FPÖ – Amesbauer: Freiheitliche fordern Transparenz und parlamentarische Kontrolle bei polizeilichem Staatsschutzgesetz

Wien (OTS) - Grundsätzlich stehe die FPÖ dem Gesetzesentwurf für das polizeiliche Staatschutzgesetz und die sogenannte Vertrauenswürdigkeitsprüfung positiv gegenüber, allerdings fehle die versprochene Transparenz und parlamentarische Kontrolle, betonte der freiheitliche Sicherheitssprecher NAbg. Hannes Amesbauer in der heutigen Debatte im Nationalrat.

„Es ist in unser aller Interesse, dass dieser sensible Bereich Vertrauen gewinnt und sich die Bevölkerung darauf verlassen kann, dass hier ordentlich gearbeitet wird. Letztlich geht es ja um die Sicherheit unserer Republik. Mit der Vertrauenswürdigkeitsprüfung geht allerdings ein weitreichender Eingriff in Grundrechte einher. Die diesbezügliche Verordnung des Innenministers muss daher im Hauptausschuss diskutiert werden. Da fiele Nehammer ja wirklich kein Zacken aus der Krone“, so Amesbauer weiter.

Das Parlament wolle – entgegen anderslautender Behauptungen der ÖVP – nicht in die Personalentscheidungen des Innenministers eingreifen. Aber der Verordnungsinhalt müsse im Ausschuss debattiert werden, damit die Abgeordneten sähen, nach welchen Kriterien das Personal künftig ausgewählt werde. „Wenn ÖVP und Grüne es wirklich ernst meinen und für Transparenz sorgen wollen, dann müssen sie dem Antrag der Opposition zustimmen“, so Amesbauer und plädierte dafür, so einen einstimmigen Beschluss zustande zu bringen, da es gut sei, wenn das ganze Parlament hinter dieser Reform stehe.

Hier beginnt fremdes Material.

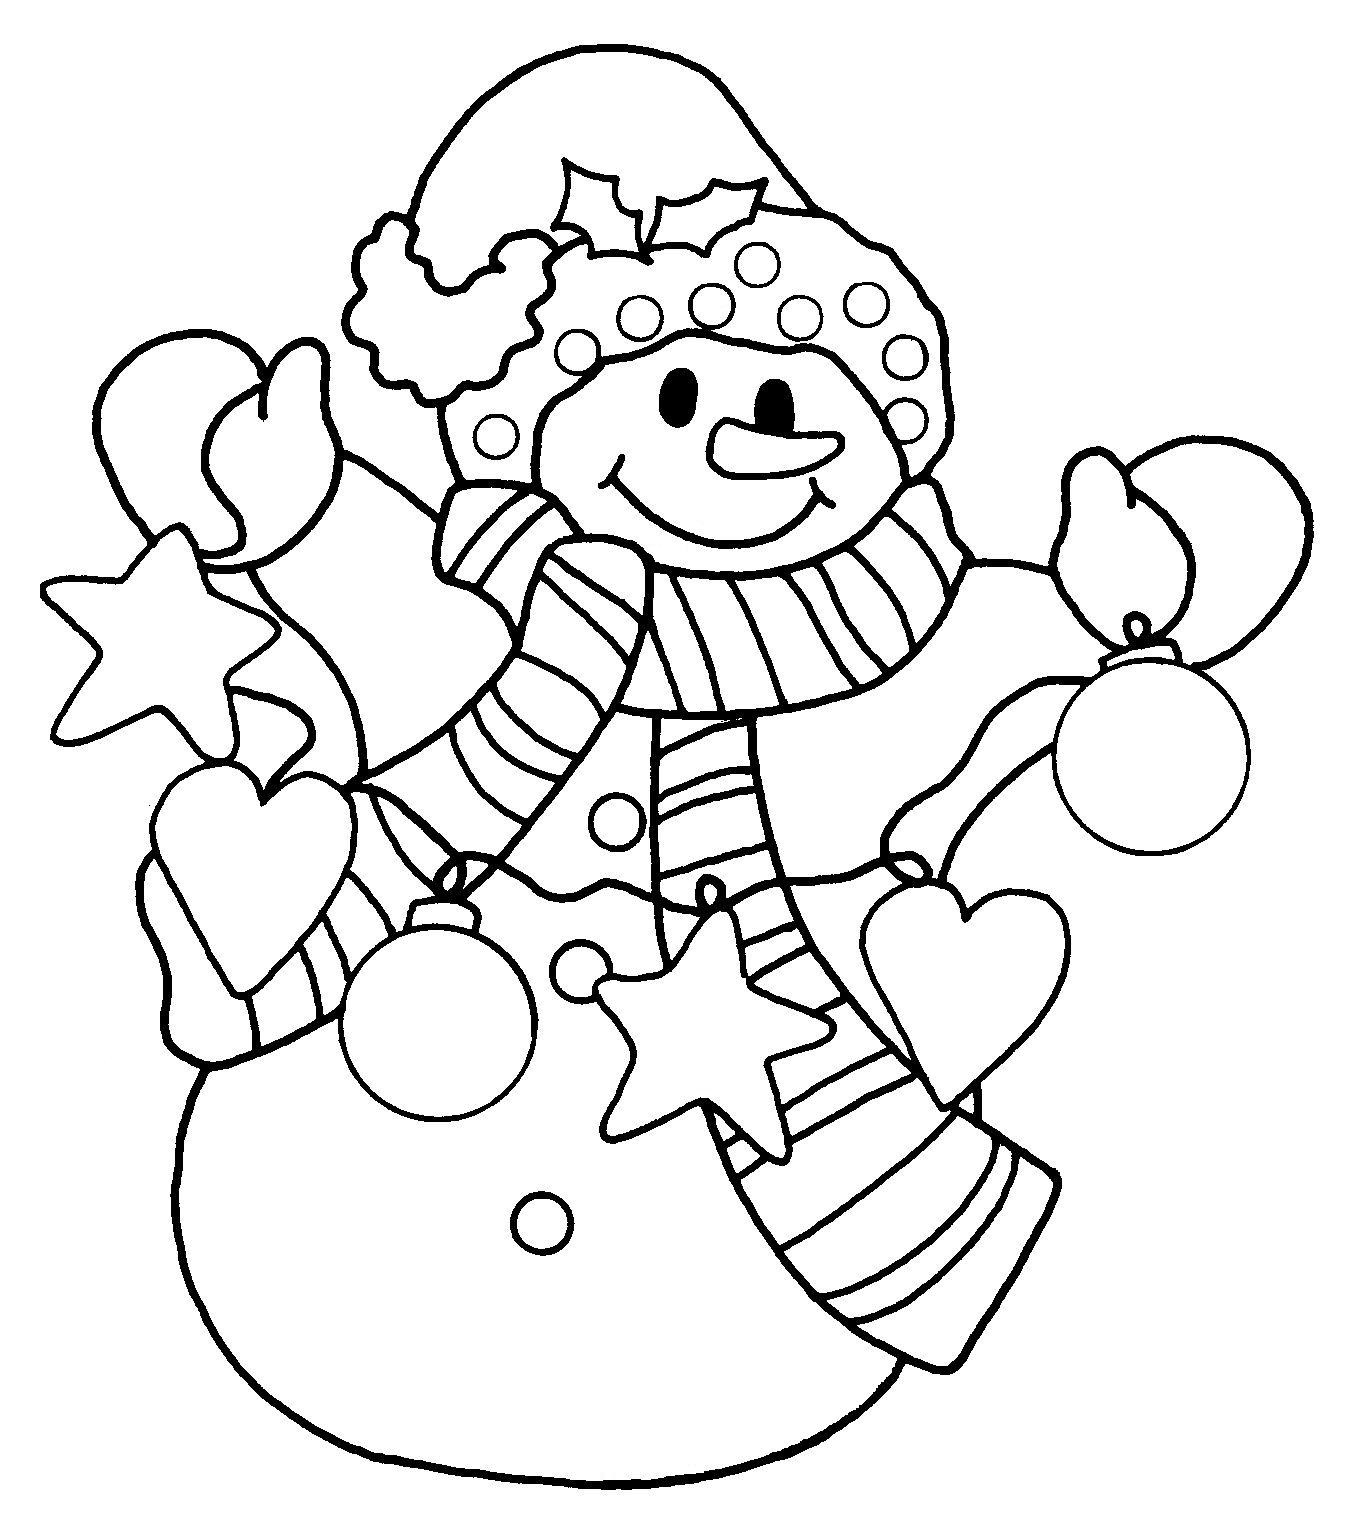 Snowman Coloring Pages Printable
 DZ Doodles Digital Stamps Oodles of Doodles News Freebie

Zudem wies Amesbauer Aussagen zurück, wonach die Kritik internationaler Partner am Bundesamt für Verfassungsschutz (BVT) eine Folge der damaligen Hausdurchsuchungen gewesen sein soll. Es seien vielmehr bereits lange vorher bestehende „hausgemachte“ Missstände und Probleme gewesen, die das BVT bei diesen Partnern „ins schiefe Licht“ gerückt hätten, so Amesbauer, der auch an entsprechende Medienberichte erinnerte, in denen unter anderem von mangelnden Sicherheitsvorkehrungen und einem insgesamt zu saloppen Umgang mit vertraulichen Informationen die Rede gewesen sei.